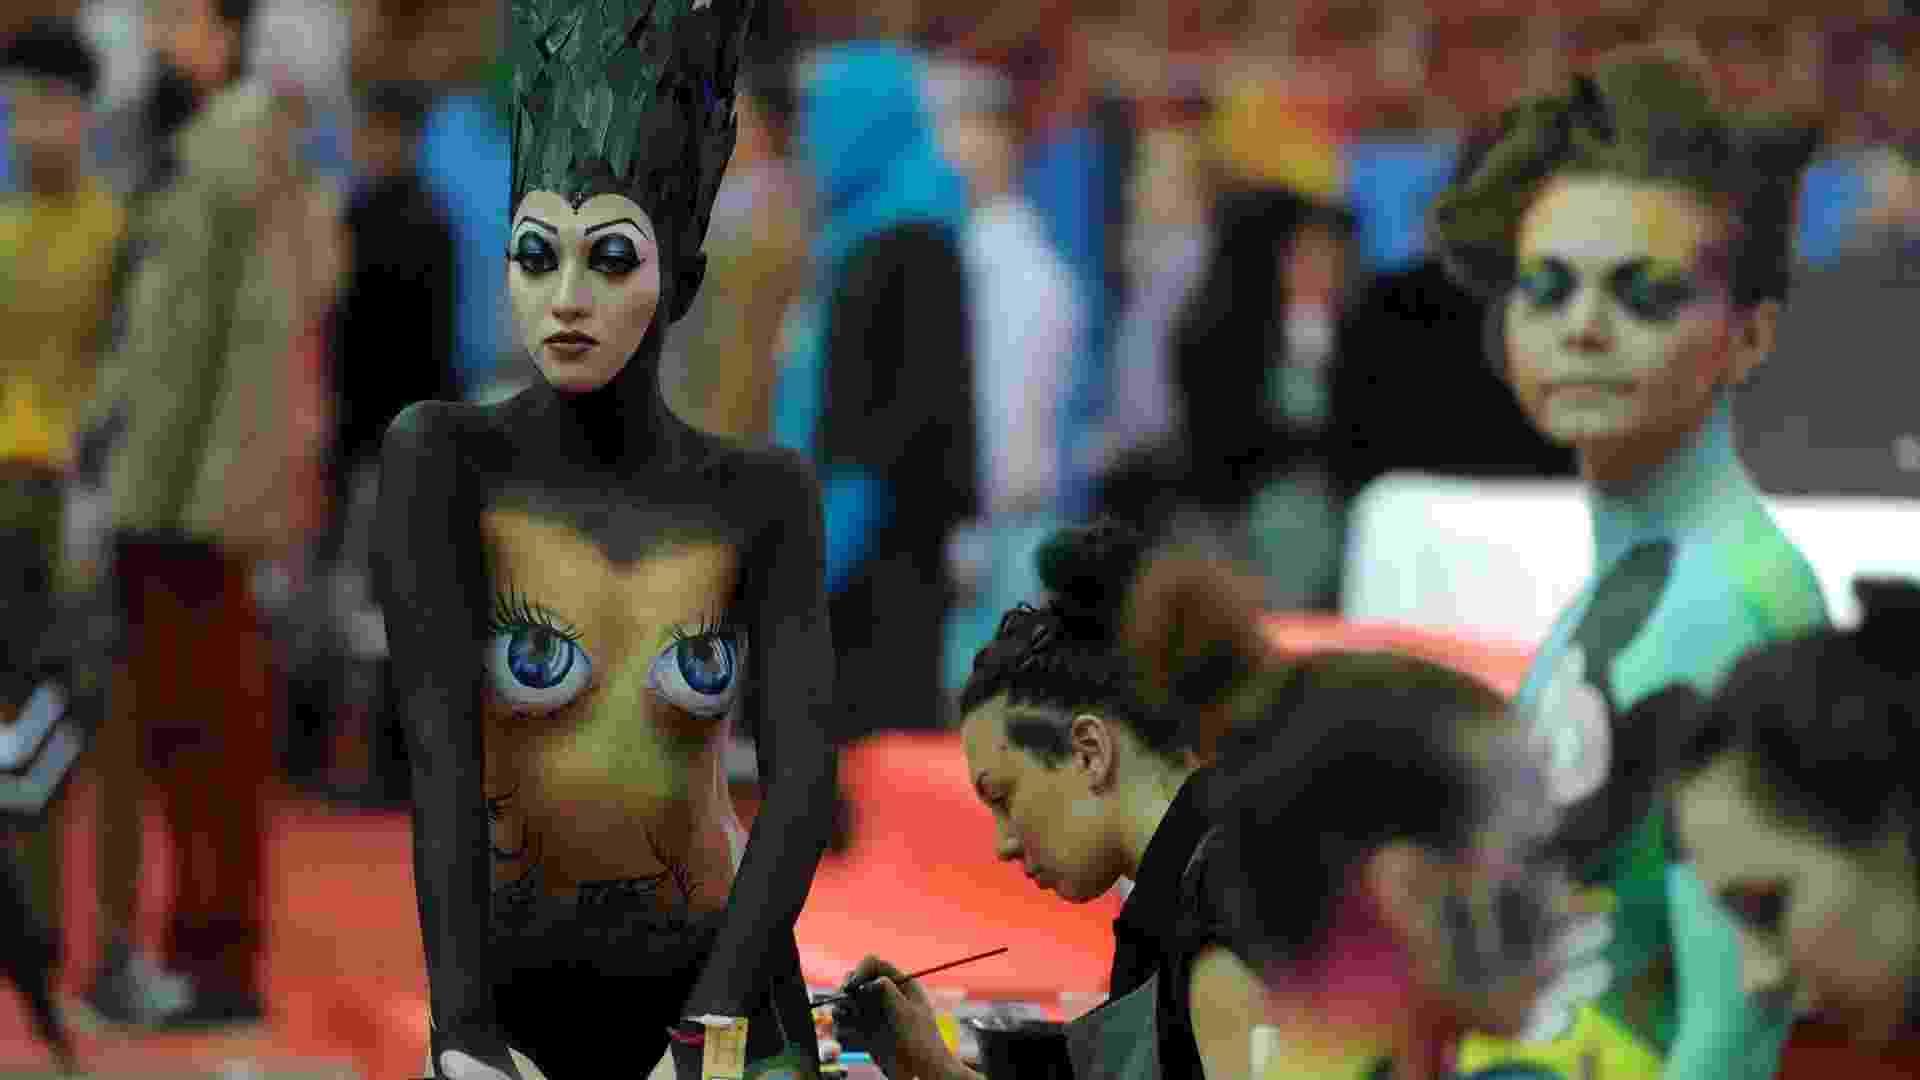 24.fev.2013 - Festival Nevskie Berega reúne mulheres com corpos pintados na cidade de São Petesburgo, na Rússia. As artistas fazem parte de um grupo que participa de feiras de beleza - AFP PHOTO / OLGA MALTSEVA
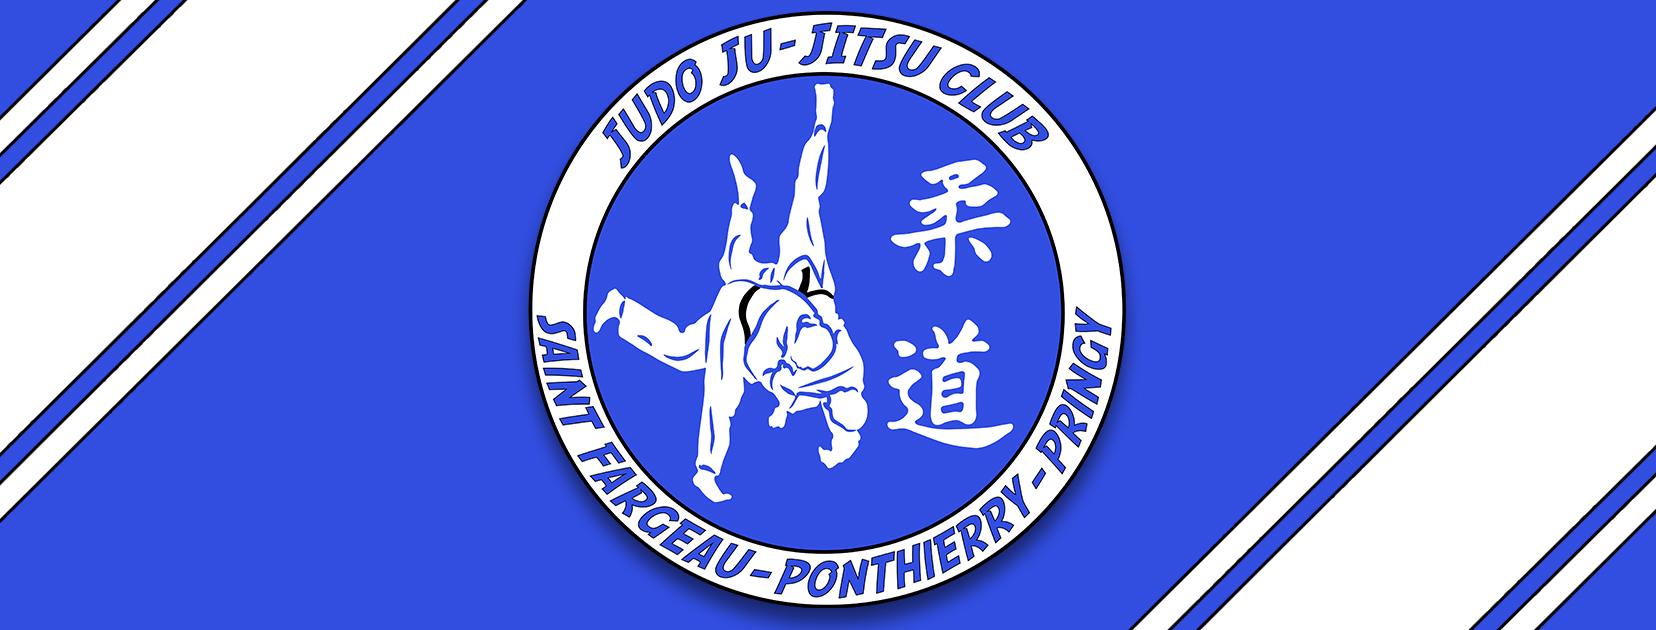 Judo Ju-Jitsu Saint Fargeau Ponthierry - Pringy
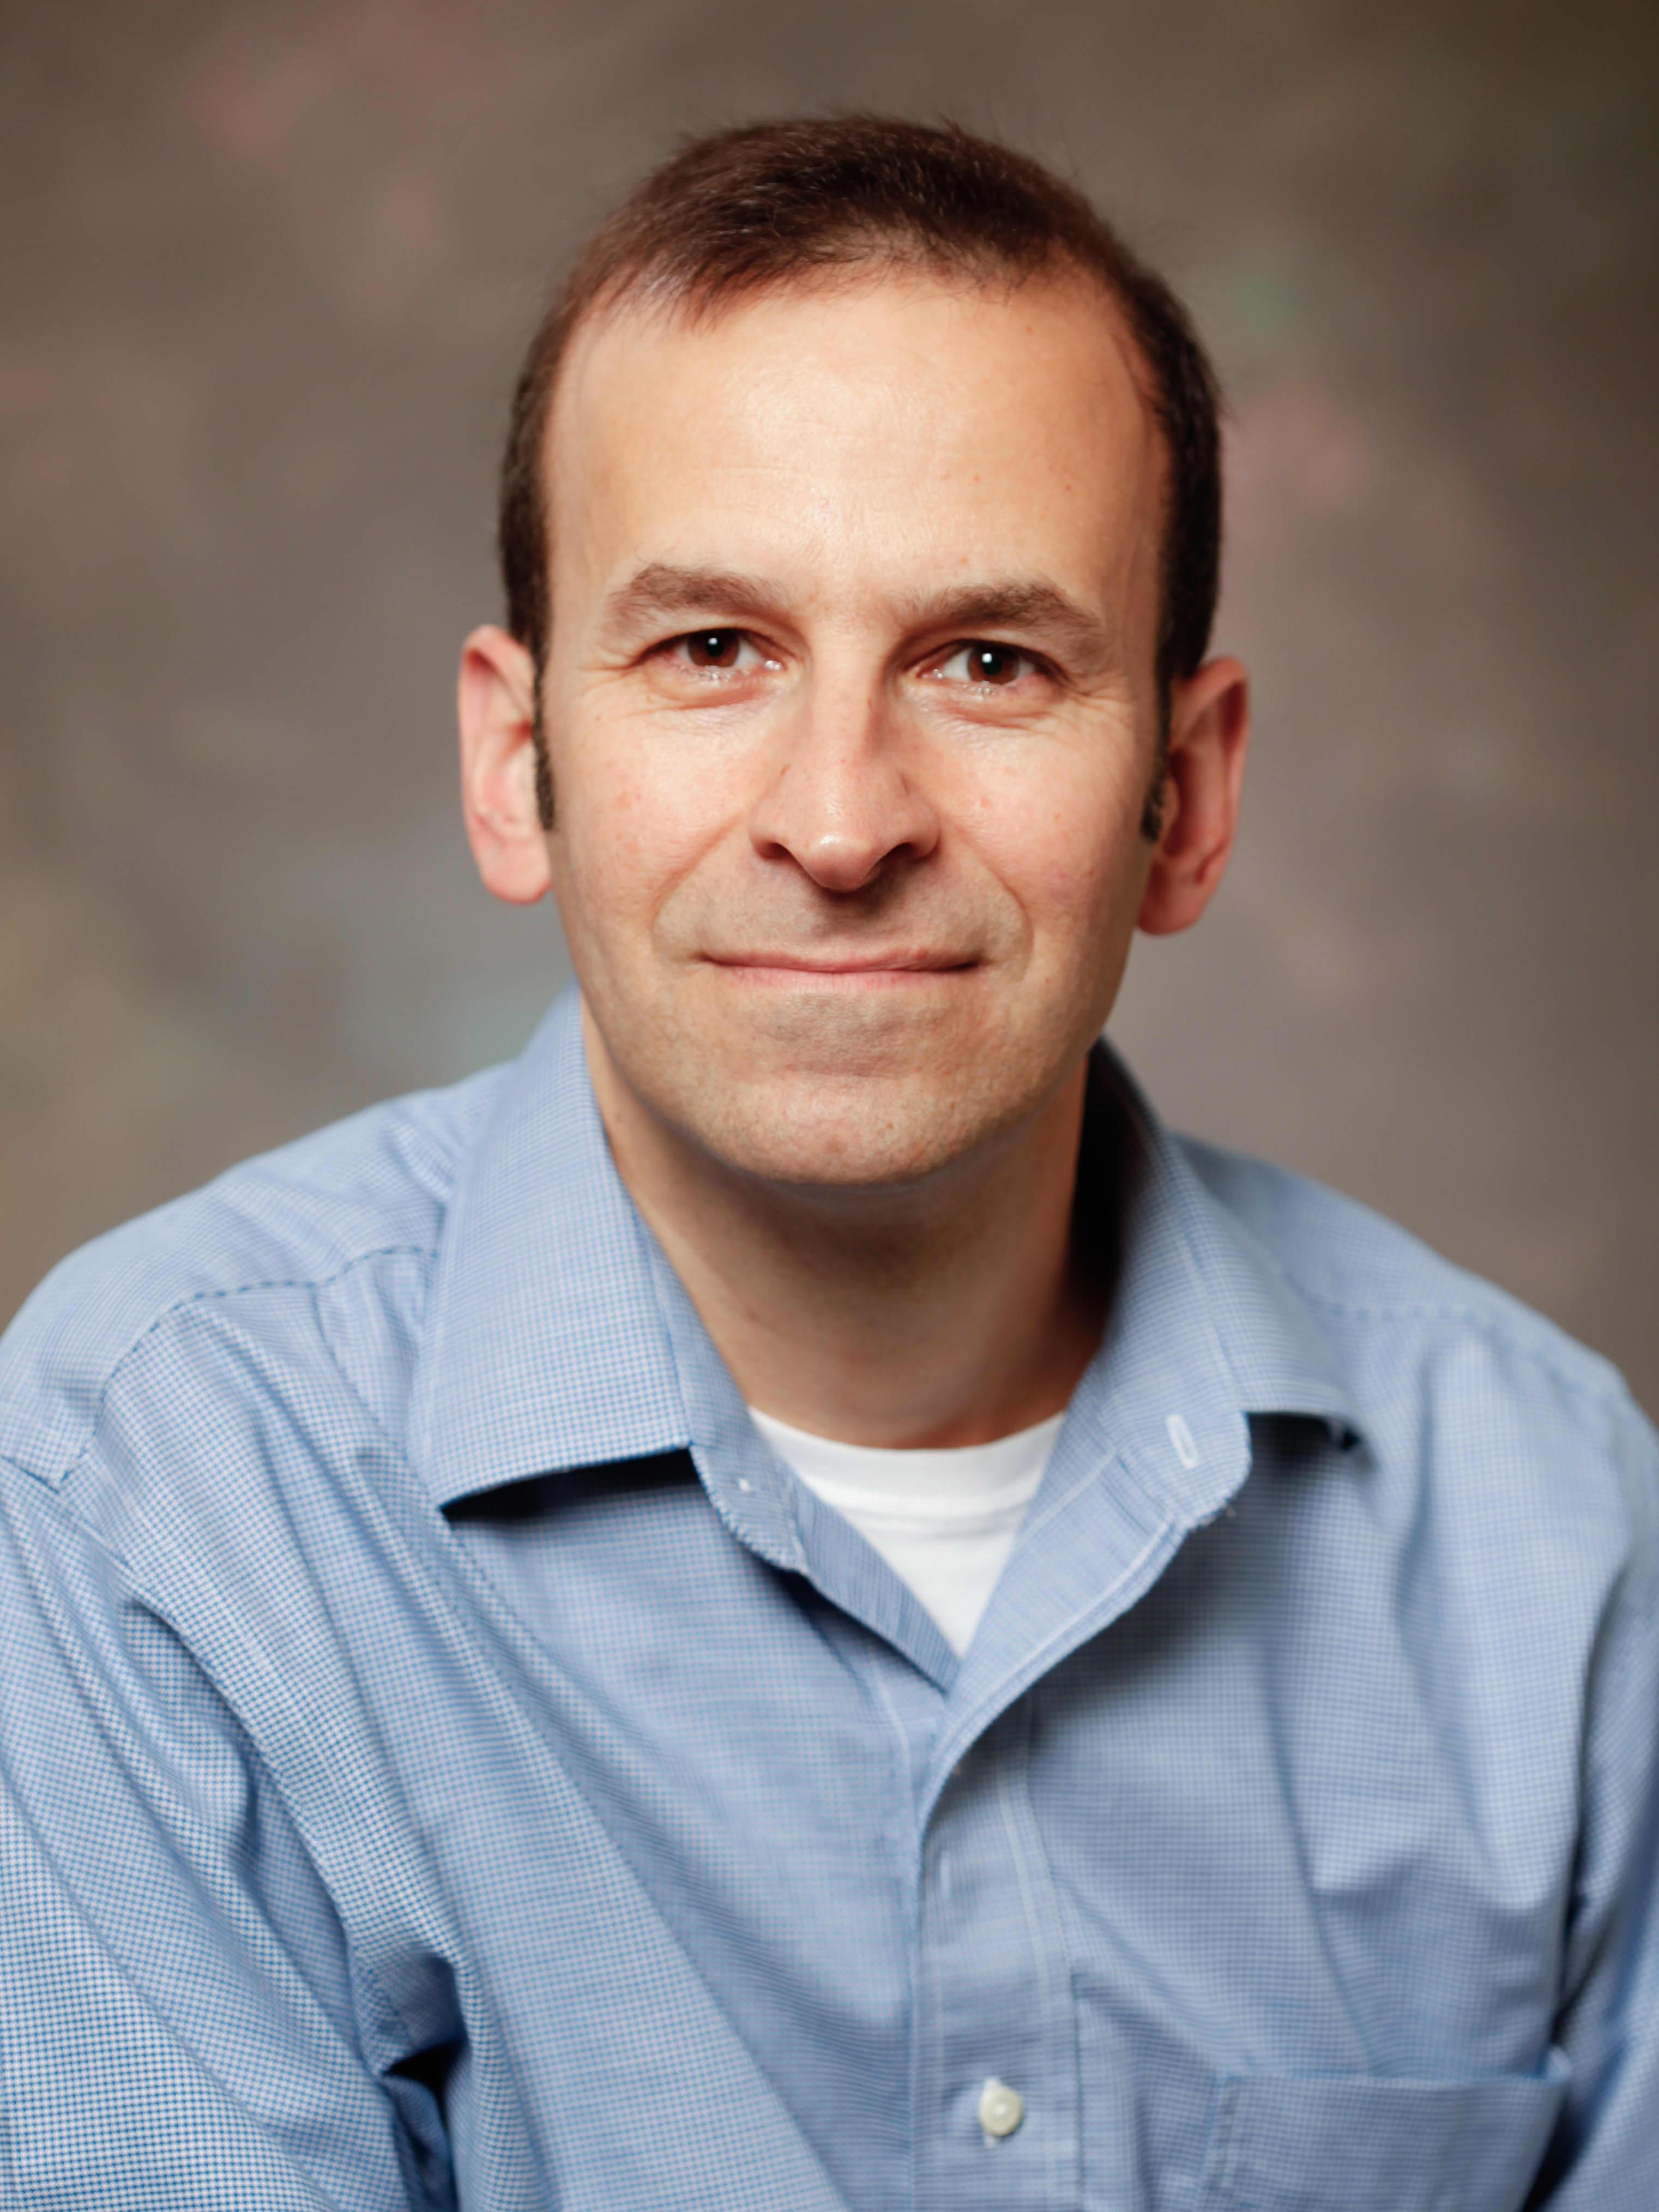 Carl Baum
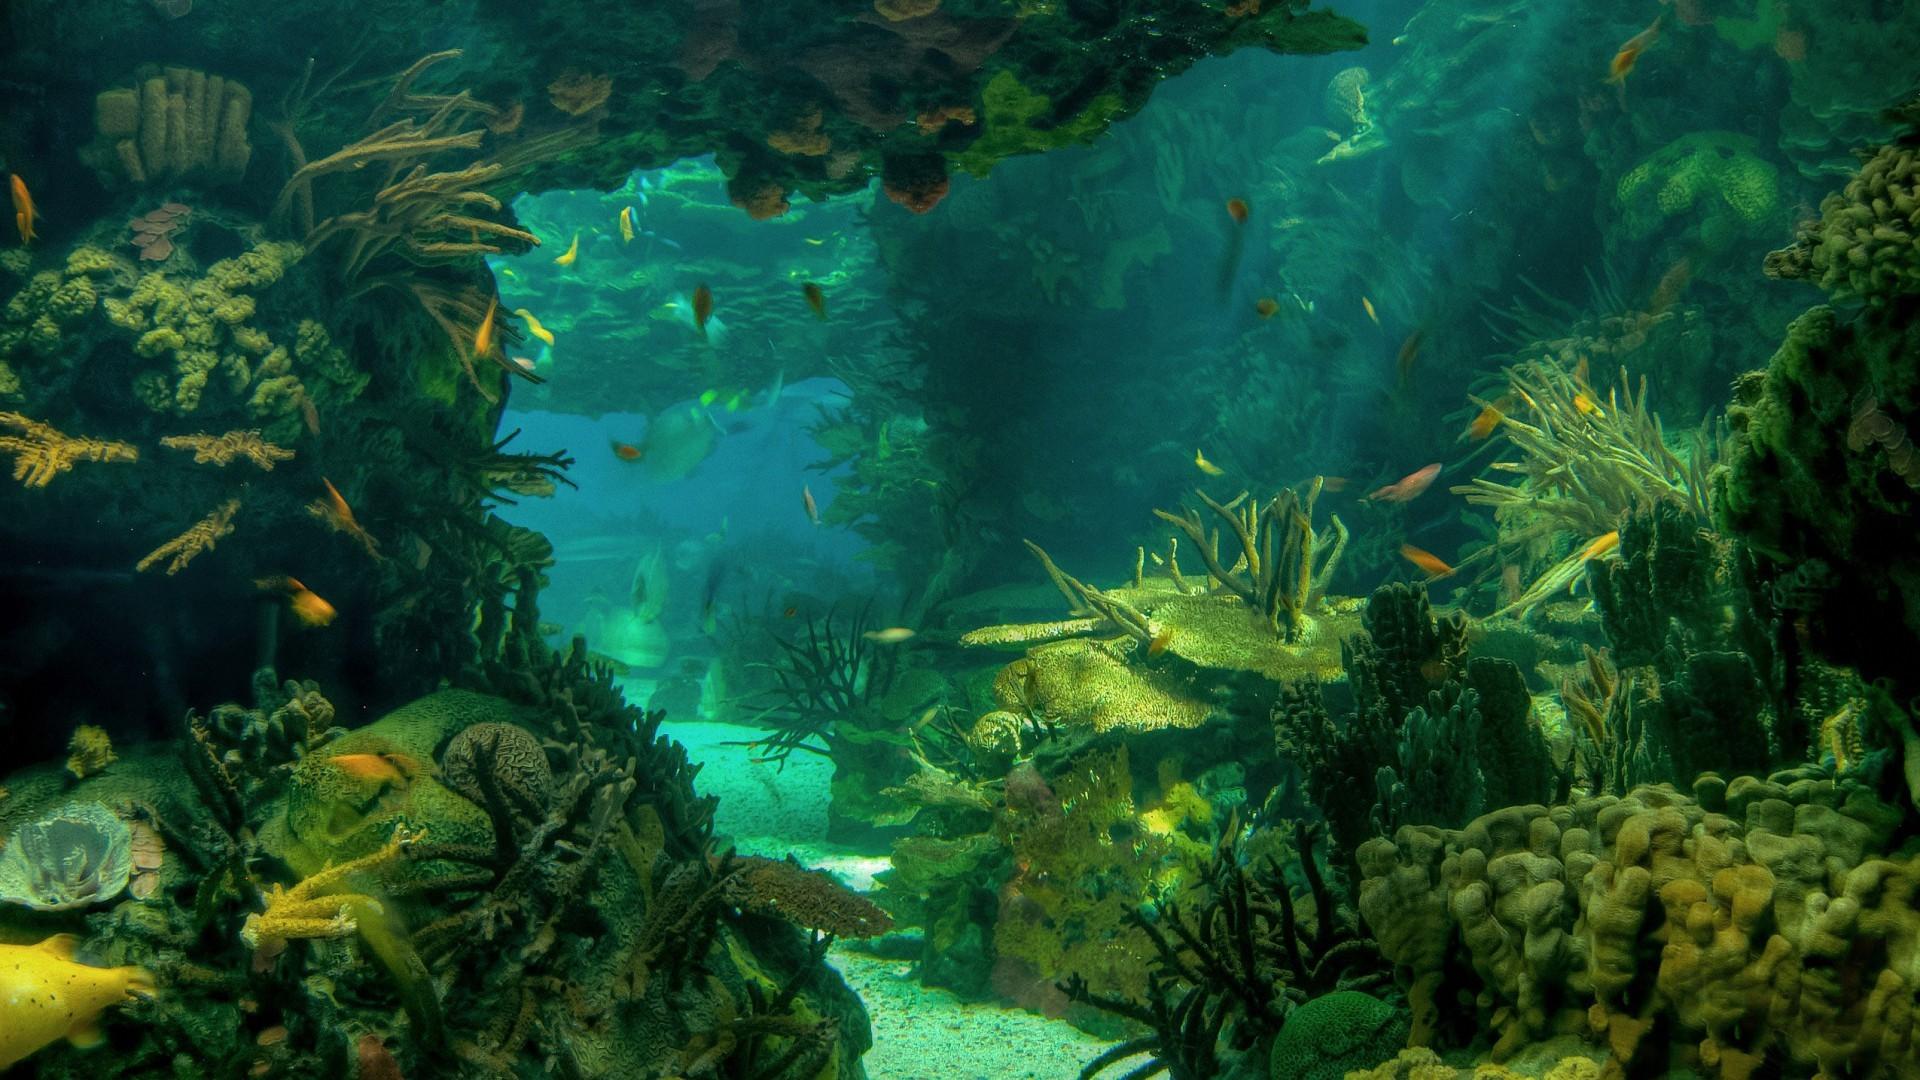 Undersea Wallpapers for Desktop (69+ images)

The task. What is needed here is each line above set down word for word, minus the images.

Output for this task.
 24.fev.2013 - Festival Nevskie Berega reúne mulheres com corpos pintados na cidade de São Petesburgo, na Rússia. As artistas fazem parte de um grupo que participa de feiras de beleza - AFP PHOTO / OLGA MALTSEVA
 Judo Ju-Jitsu Saint Fargeau Ponthierry - Pringy
 Carl Baum
 Undersea Wallpapers for Desktop (69+ images)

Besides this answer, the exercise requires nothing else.